In the step (c), a user interface with a function of streaming and playing acoustic information collected for specific parts of the used car and pre-stored standard car acoustic information for each car model is displayed on the AI performance checklist.


In the step (c), the visualization processed graphics are spectrograms that show changes in time, frequency, and amplitude of the acoustic signal in terms of concentration or color difference. The spectrograms for each of a normal performance state and a deteriorated performance state of the used car are generated and displayed on the AI performance checklist.


According to another aspect of the present invention, a used car AI performance inspection system based on acoustic data analysis is provided.
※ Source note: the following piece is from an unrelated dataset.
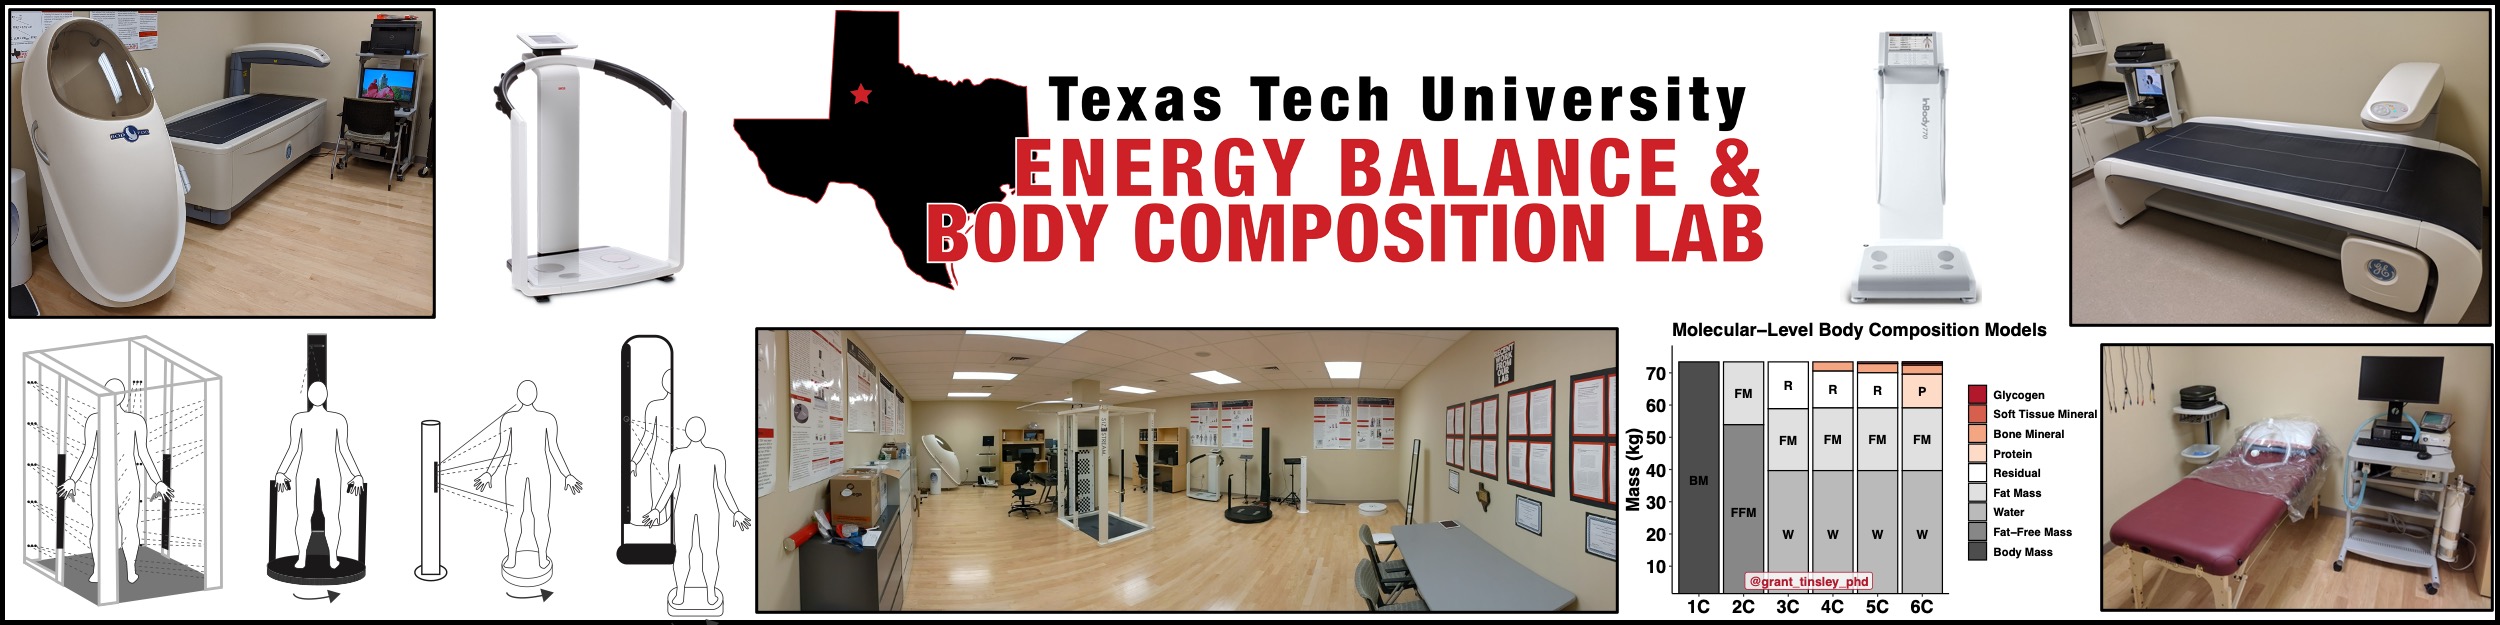 Energy Balance & Body Composition Laboratory

The system comprises; a performance checklist generation module that searches car model details, collects unstructured data including sounds generated from mechanical or electronic devices of the used car using an acoustic sensor, diagnoses the collected unstructured data through computer analysis to perform an AI performance inspection, and generates an AI performance checklist by reflecting the AI performance inspection results; and an unstructured data transmission unit providing the AI performance checklist generated by the performance checklist generation module to a customer.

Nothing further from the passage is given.